One thing to try: hold the half-press a second or two before going to high, and see if the behaviour persists? 

That said, I am not accusing you of using the light wrong! You could've caught a lemon that has it mode-change parameters programmed wrongly, or a specimen from a buggy early batch. You should definitely call SureFire and see what they say. Don't forget to report back


----------



## glock_nor_cal (Aug 3, 2013)

cankster said:


> I just got my tactical EB2 and noticed something different about the switch operation I have never seen before on my other LX2 etc style lights. If I push the button through the low to the high quickly it goes straight to high of course. but if I release it and do it again it goes to low. If i do it again it goes to high, rinse repeat. So fully depressing then releasing then depressing the 2 stage button goes from high to low to high to low etc. On all my other surefire lights with this type of tailcap it would go high, high, high, high, high. I mean fully depressed should be high right?
> 
> Anyways it was just odd and very consistent, anybody else have a tactical version that does the same or different?
> 
> Cank.



Yes, mine does the same thing.


----------



## cankster (Aug 3, 2013)

Machete God, I don't have to do anything really fast to make it work that way, just press the button down to go to high, release, then do it again within 2 secs or sooner and it goes to low. If i go to low for a sec first, it always goes to high next. My other lights from Surefire do not act this way no matter how fast I push the button on and off. I really hope this was not programmed this way on purpose because I can not imagine why you would want that. If I want low i just push the button half way. I don't need it alternating between high on high, and low on high. Seems ridiculous to me if its purposeful.

I will call them Monday and report back.


----------



## JohnSmith (Aug 3, 2013)

Does anyone know when the clickies are coming? Tan in any version?


----------



## tonkem (Aug 3, 2013)

JohnSmith said:


> Does anyone know when the clickies are coming?
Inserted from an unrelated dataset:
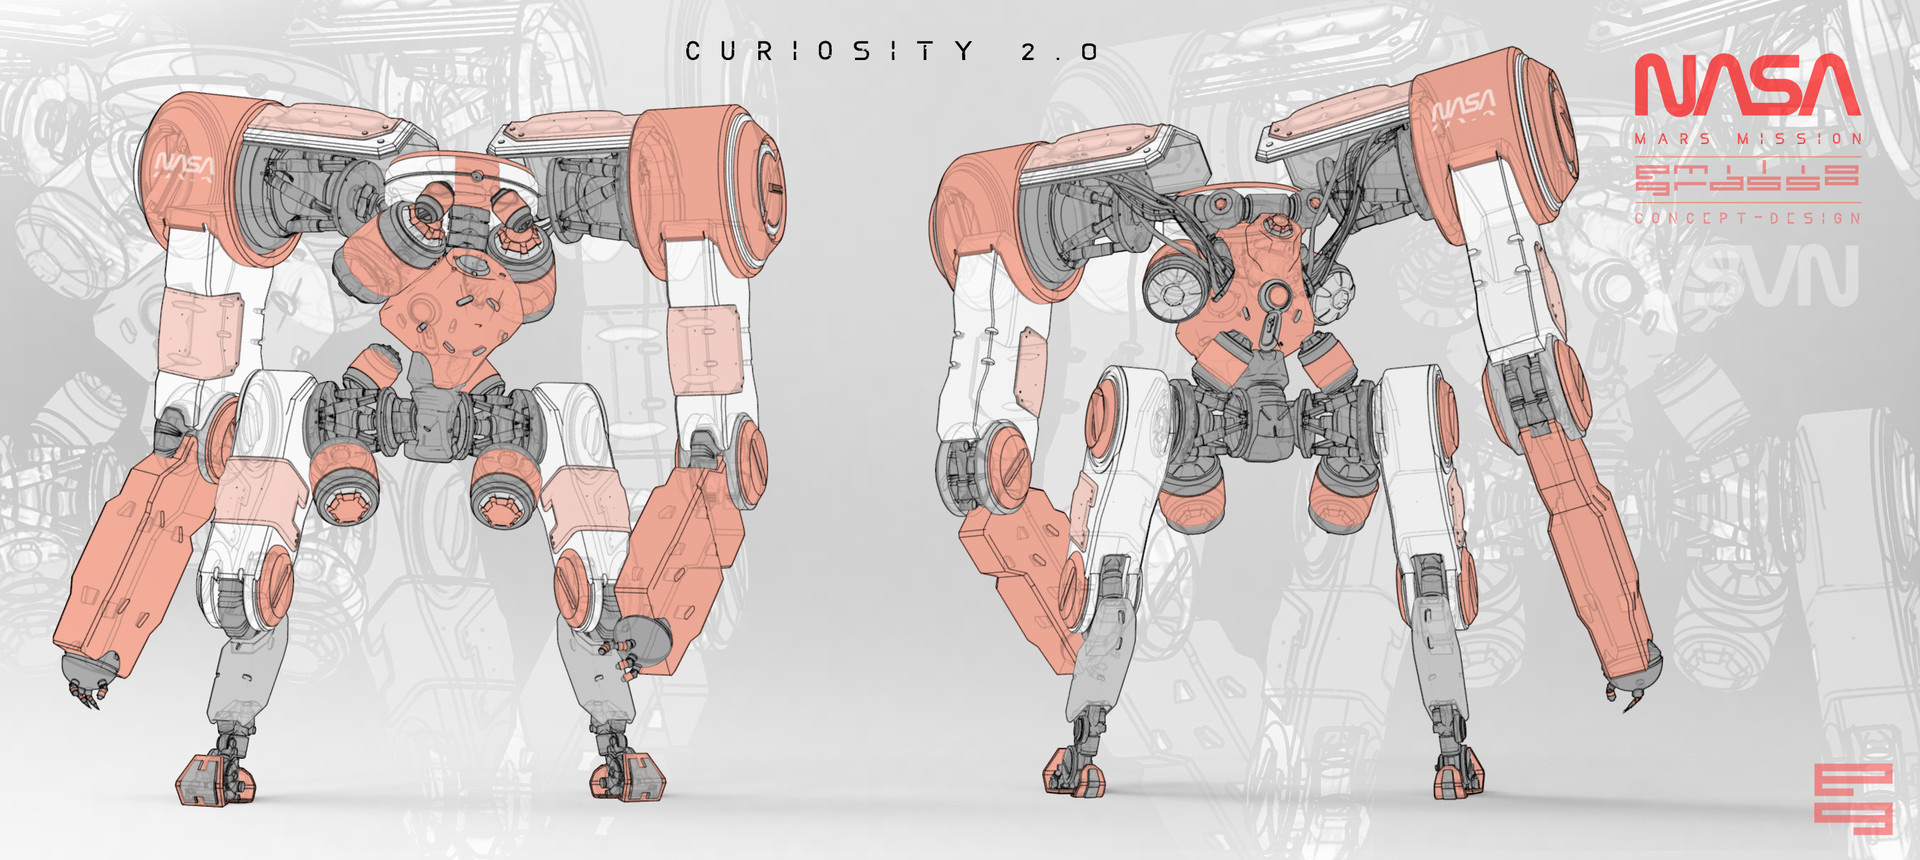 Curiosity 2.0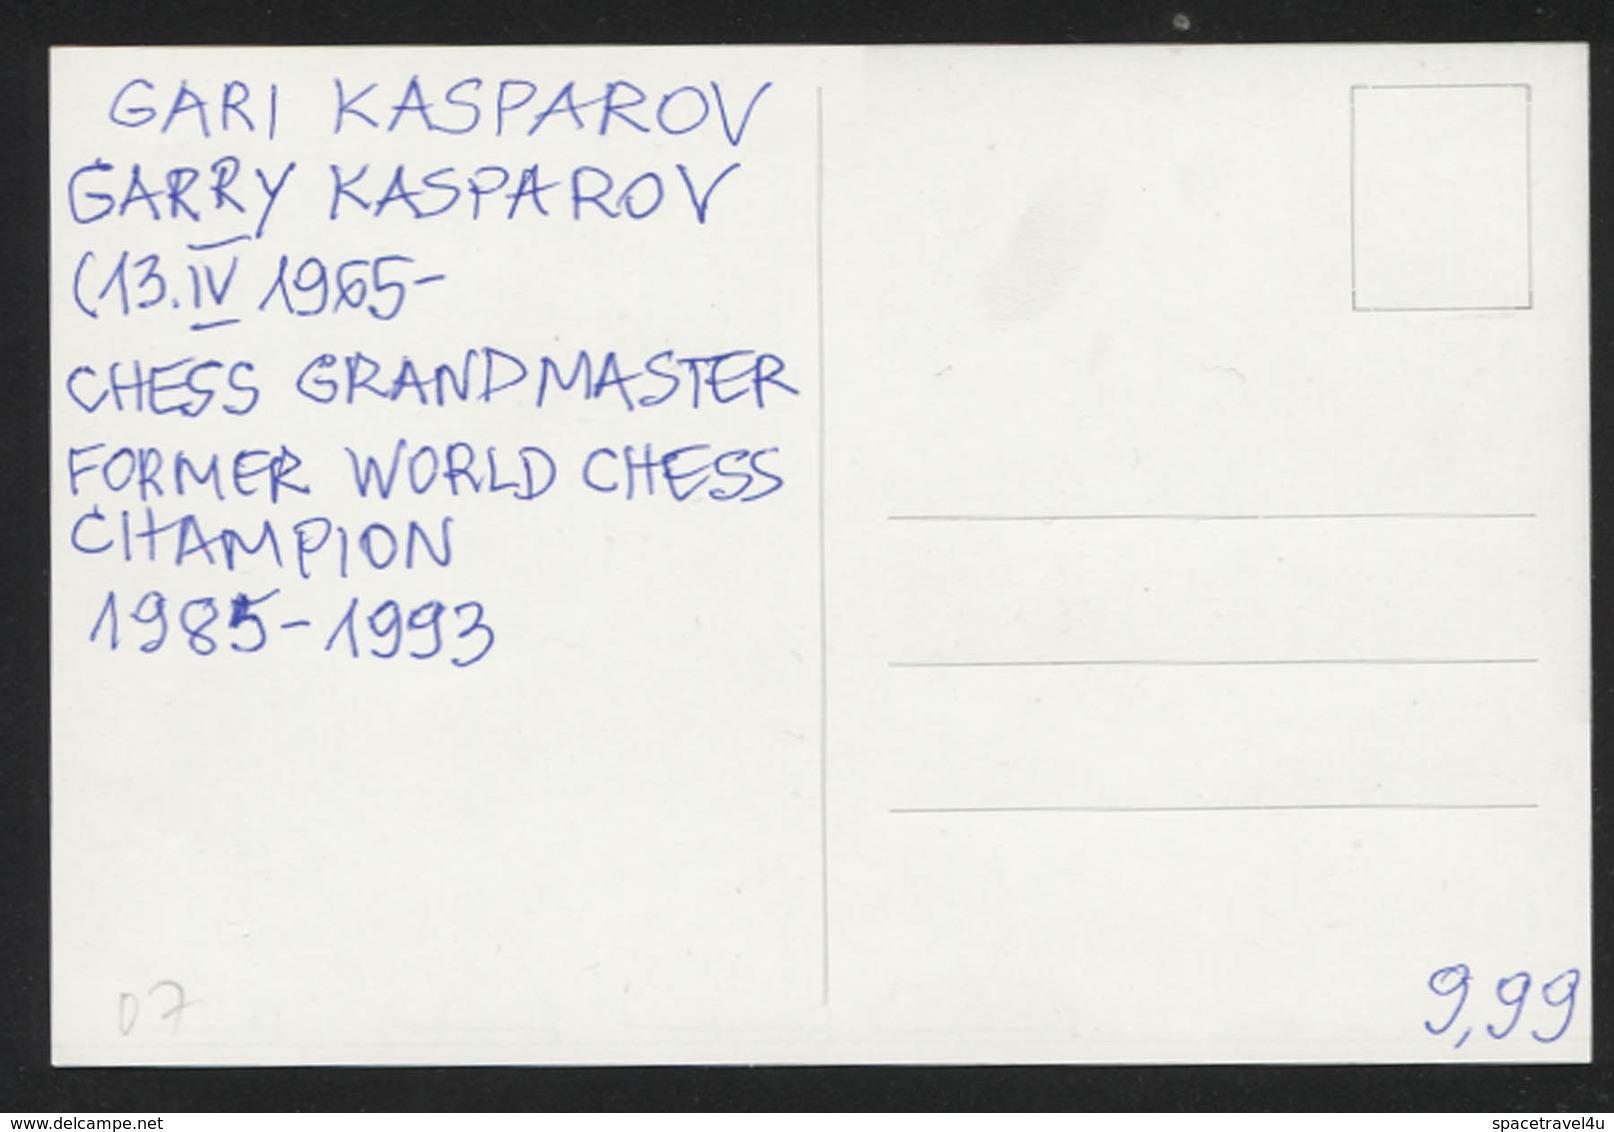 Garry Kasparov - Chess Grandmaster, Former World Chess Champion -  Postcard - (CHESS-07) - Cartes Postales

Tan in any version?



You can order the tan from surefire's site, but at full retail, and only click options right now.


----------



## Robin24k (Aug 3, 2013)

cankster said:


> Machete God, I don't have to do anything really fast to make it work that way, just press the button down to go to high, release, then do it again within 2 secs or sooner and it goes to low. If i go to low for a sec first, it always goes to high next. My other lights from Surefire do not act this way no matter how fast I push the button on and off. I really hope this was not programmed this way on purpose because I can not imagine why you would want that. If I want low i just push the button half way. I don't need it alternating between high on high, and low on high. Seems ridiculous to me if its purposeful.
> 
> I will call them Monday and report back.


This does repro on the EB1T, so it's in the firmware. I haven't noticed this before, so I forwarded your posts to SureFire.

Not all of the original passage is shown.